The binding free energy is given by$$\Delta G_{bind}=X_H \Delta H_{bind}+X_{TS} (T \Delta S_{bind})+X_{psolv} \Delta\Delta G_{psolv}+X_{npsolv} \Delta\Delta G_{npsolv}+X_{residual}$$
$\Delta H_{bind}$ is the ligand-protein interaction energy computed from an FMO energy decomposition analysis using a small structural model of the protein. $T\Delta S_{bind}$ is set to 1 kcal/mol per rotateable bond, $\Delta\Delta G_{psolv}$ and $\Delta\Delta G_{npsolv}$ are computed using the Poisson-Boltzmann equation and the solvent accessible surface area, respectively.

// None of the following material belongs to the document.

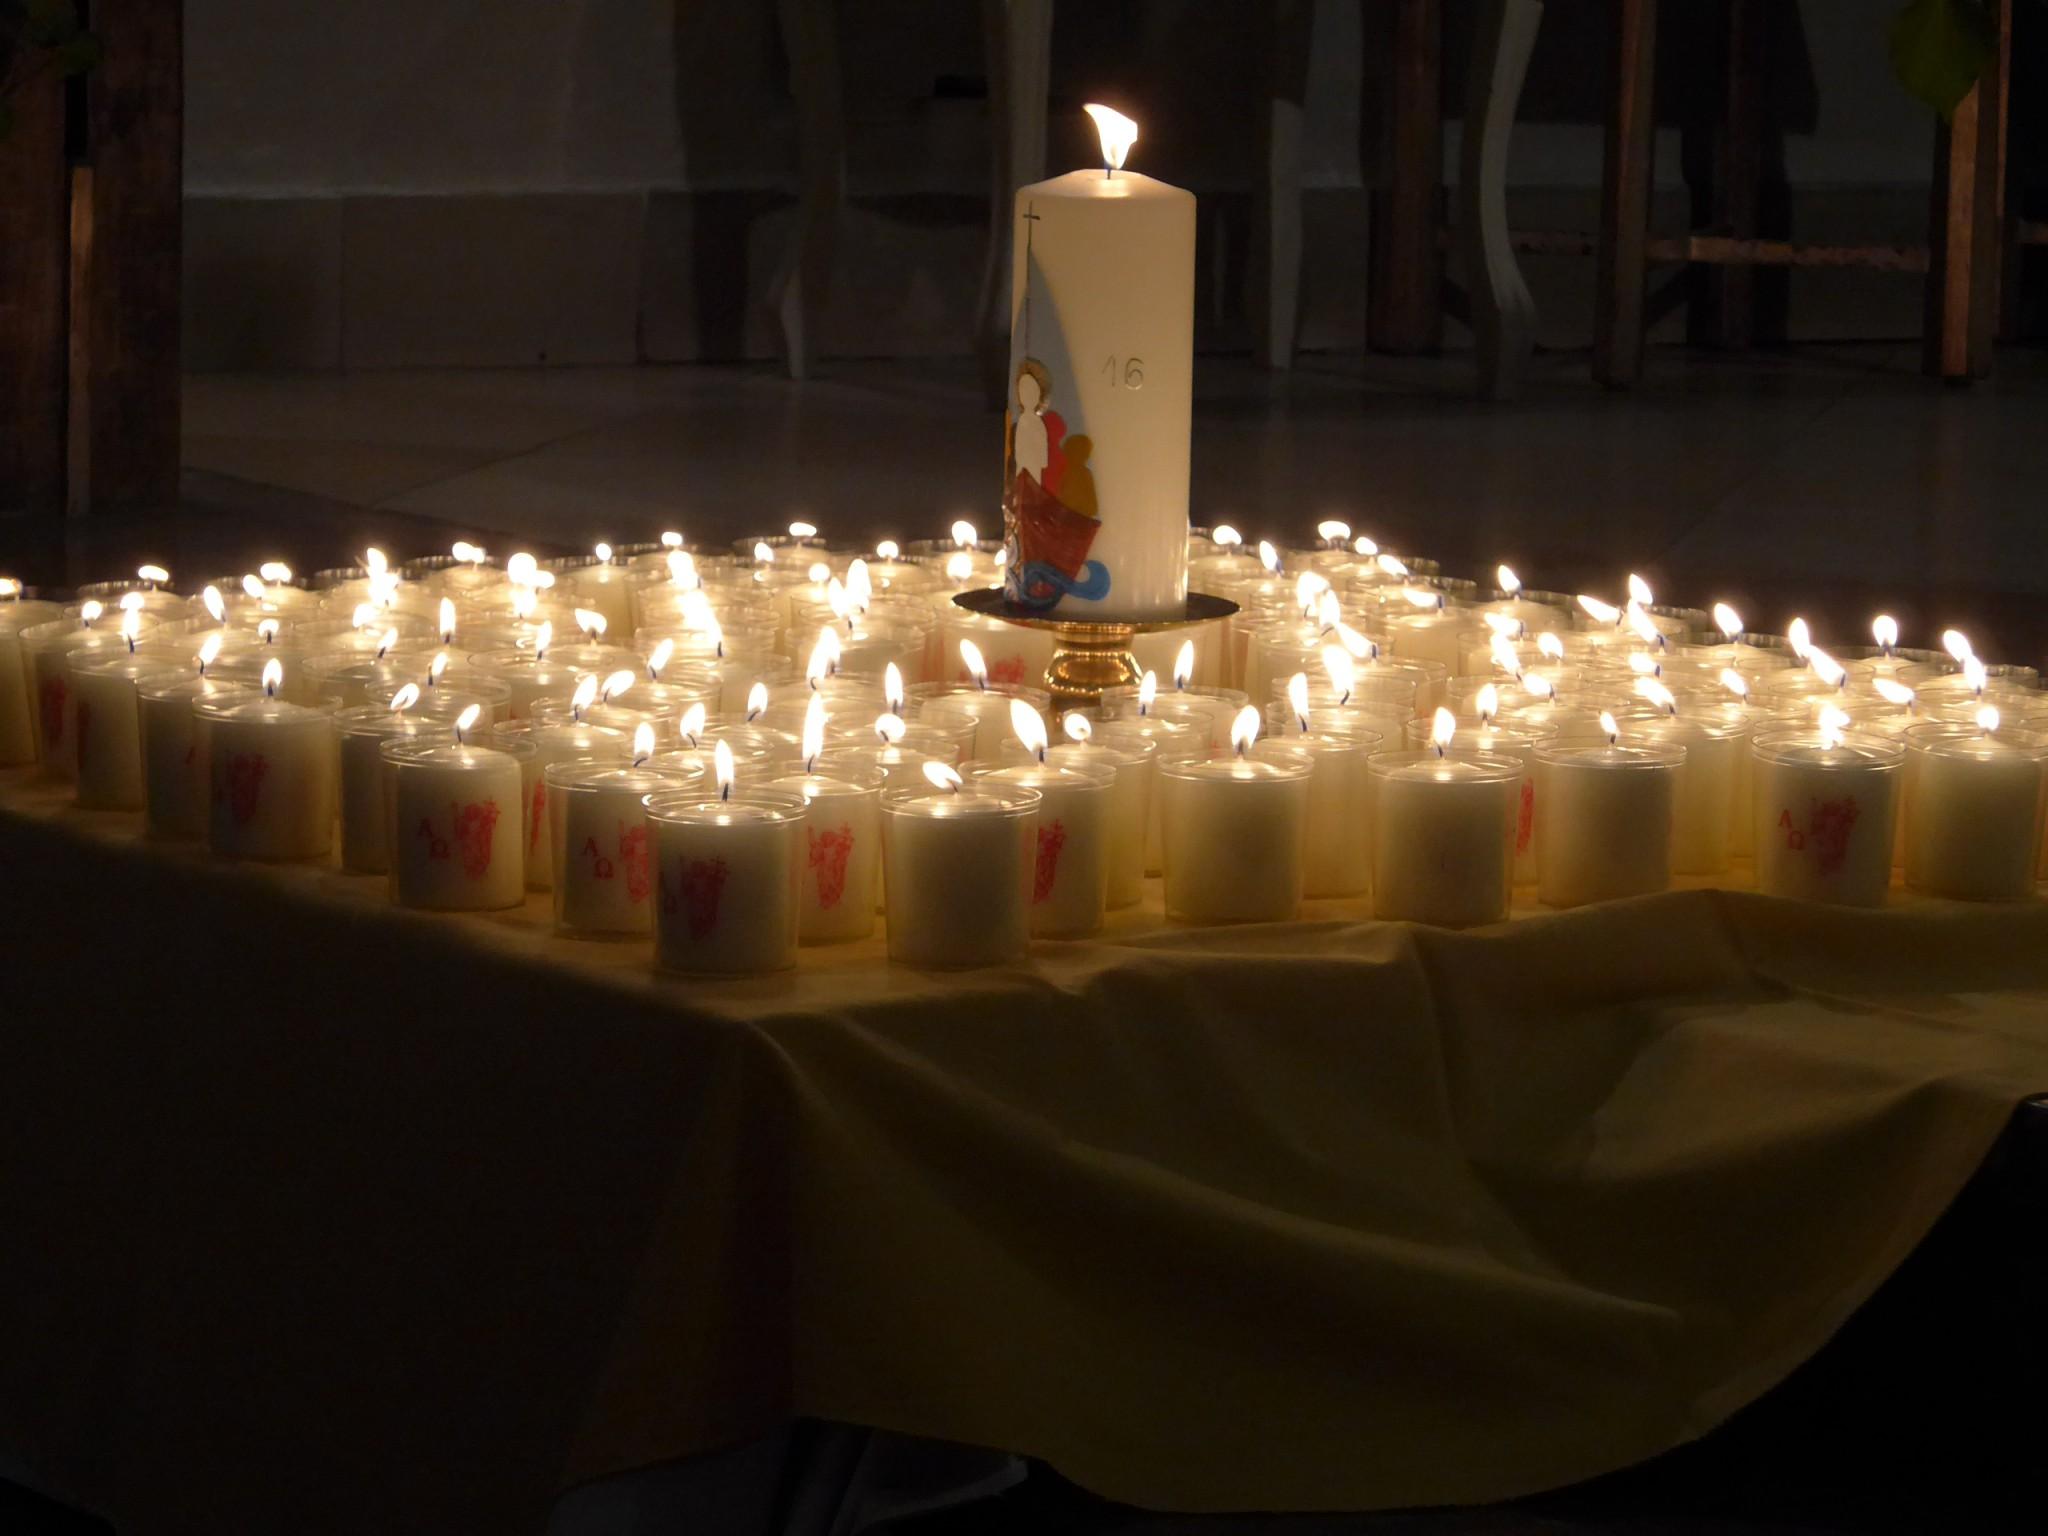 Die Jesuskerze in mitten der Kerzen für die Kinder

The four coefficients are obtained using a partial least squares to latent structures analysis on 14 ligand-protein complexes (for which x-ray coordinates were available).  Surprisingly, $X_{TS}$ came out negative, so it is doubtful whether this term actually reports on an entropy change. The method is then applied to a test set of 14 new ligands for which x-ray structures where not available.

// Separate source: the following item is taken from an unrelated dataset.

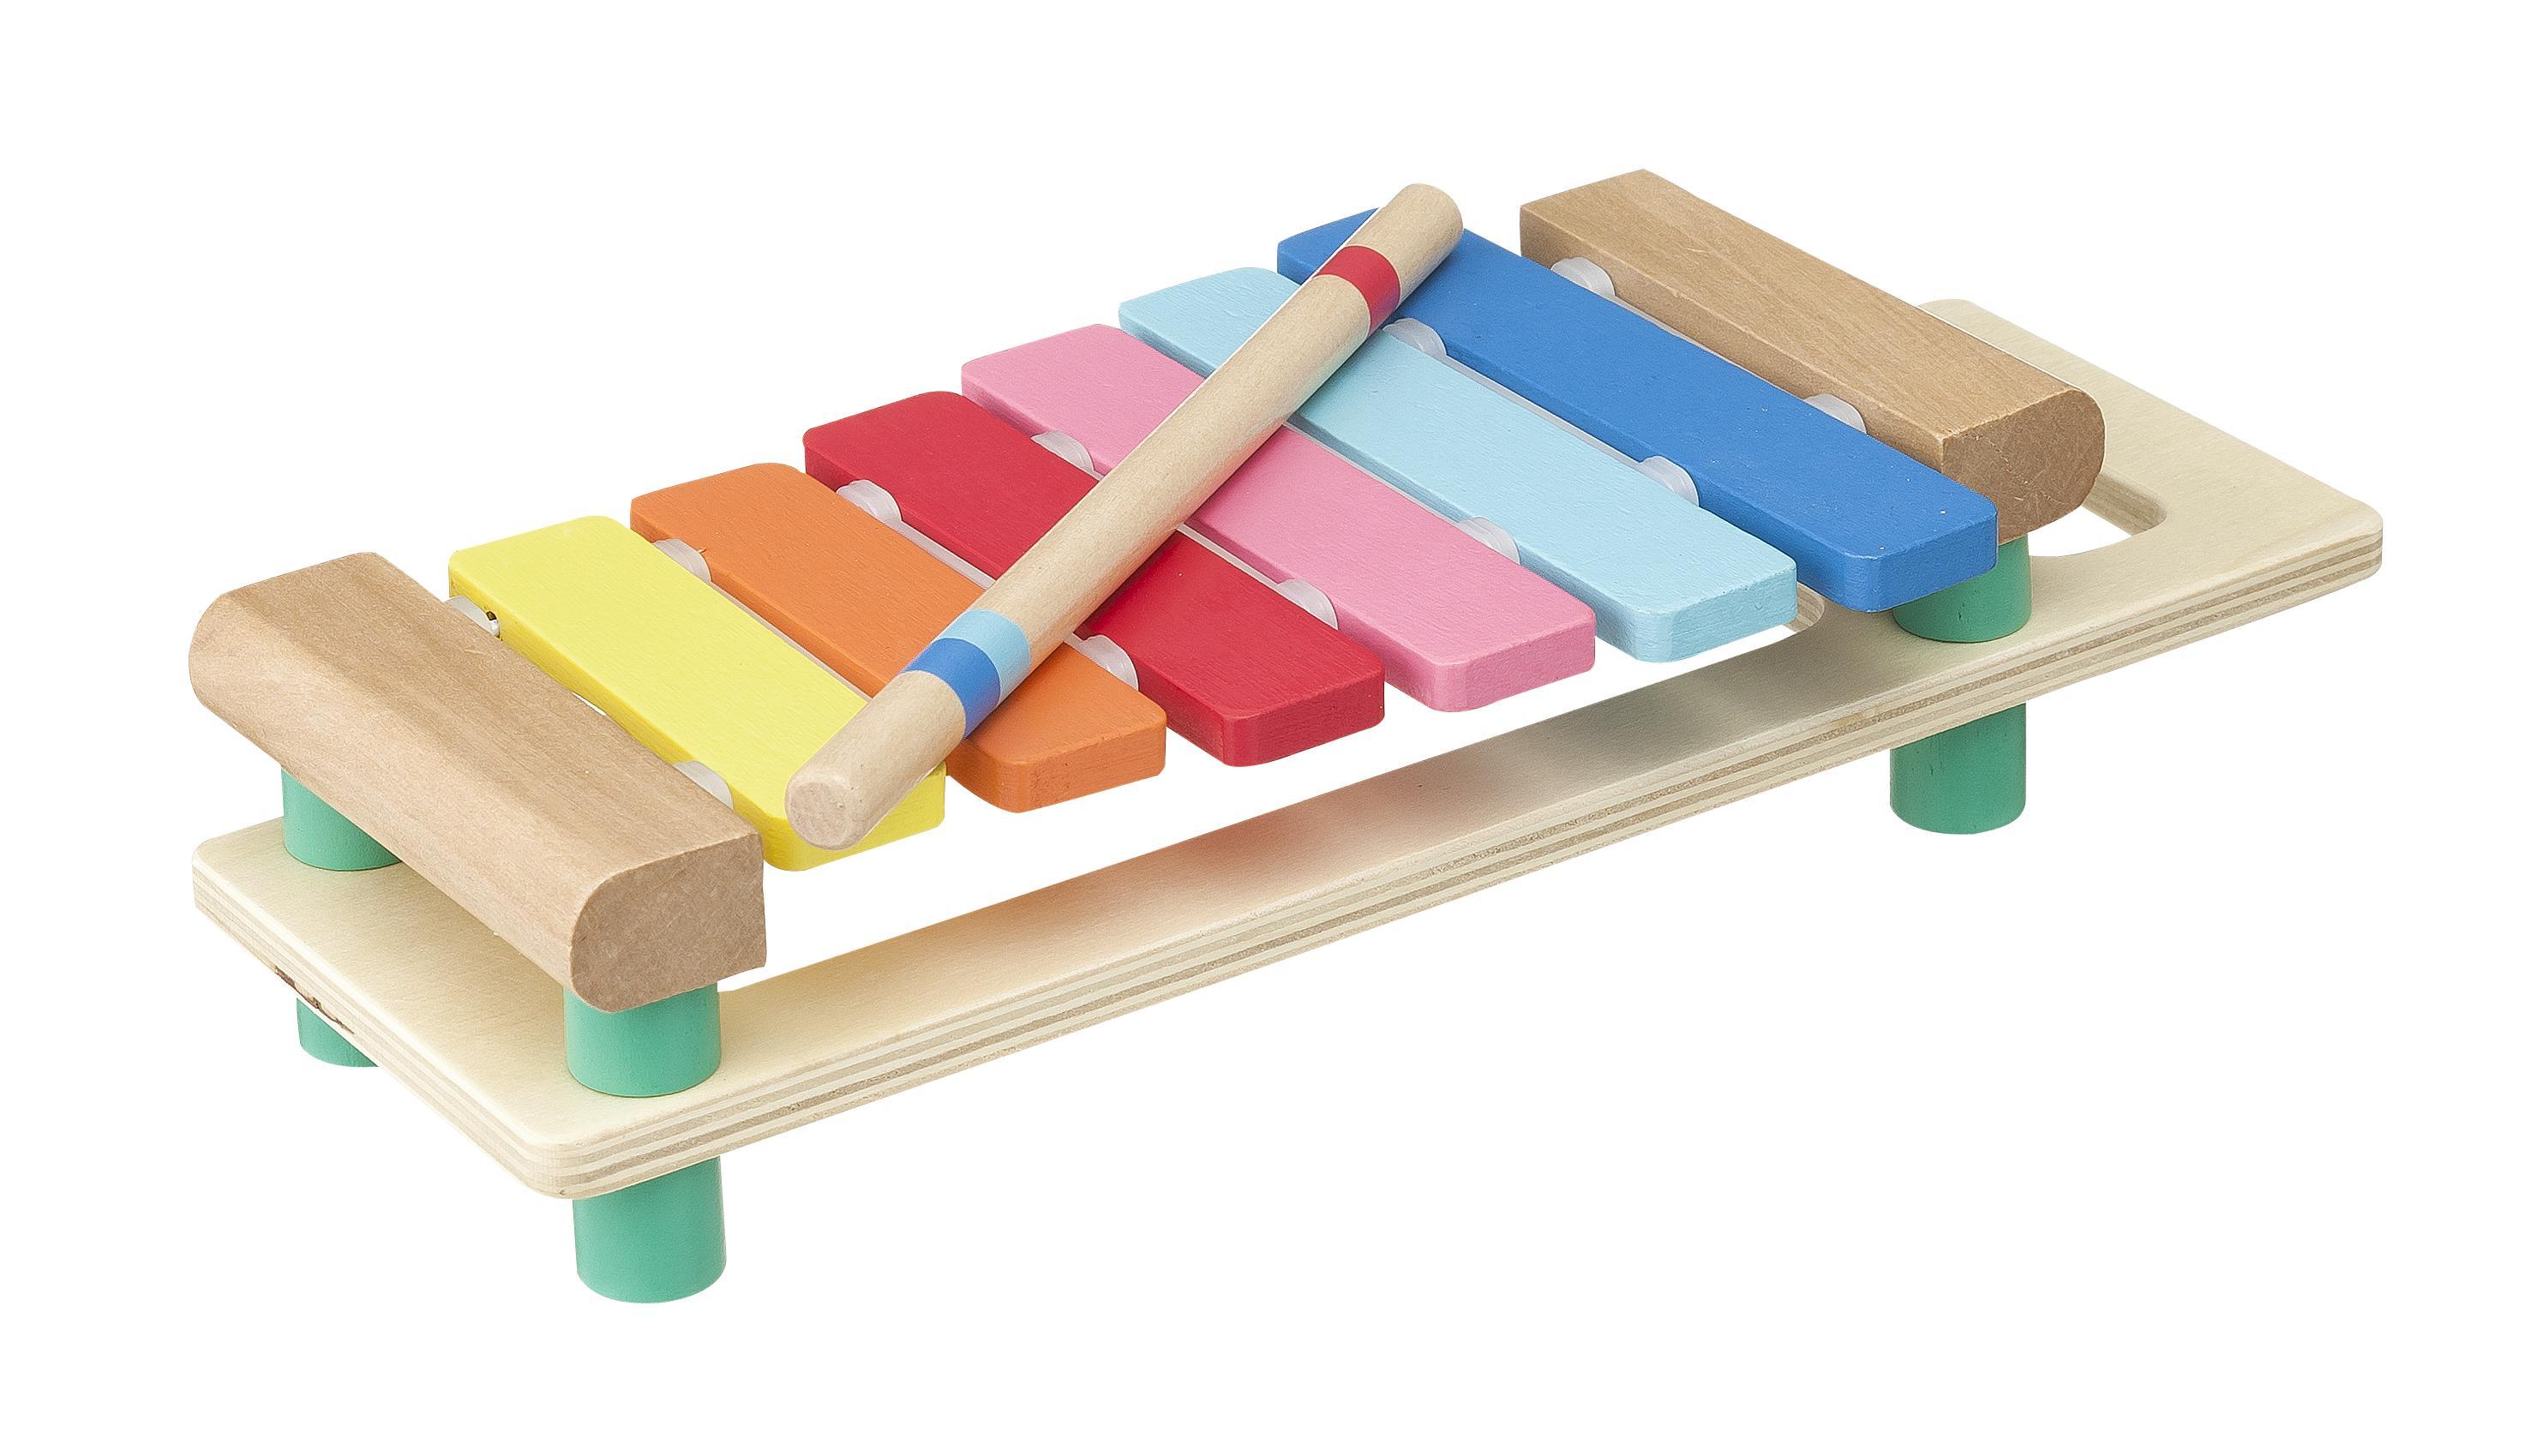 Nieuw houten speelgoed bij hema moeders nu

Another interesting feature of the method is that only the hydrogen atoms of the x-ray structures were geometry optimized (using MMFF94x).  In the case where x-ray structures were not available, the structures of the ligand-protein complexes "were built by manually modifying the reference ligand and then energy minimising the ligand whilst keeping the reference heavy atoms fixed".

Results where  $\Delta H_{bind}$ is computed using the MMFF94x force field instead of FMO was not reported.  This would answer the question whether FMO is truly needed.

Acknowledgments: I thank Dmitri Fedorov for alerting me to this paper, and Michael Mazanetz for helpful discussions.  Note that in Table 2 the column labels for the experimental and computational binding free energies should be switched.

Update (4/3/2012): $X_H=0.018613, X_{TS}=-0.485403, X_{psolv}=-0.024463, X_{npsolv}=1.729698, X_{residual}=0.258$.  The latter parameter is in kcal/mol.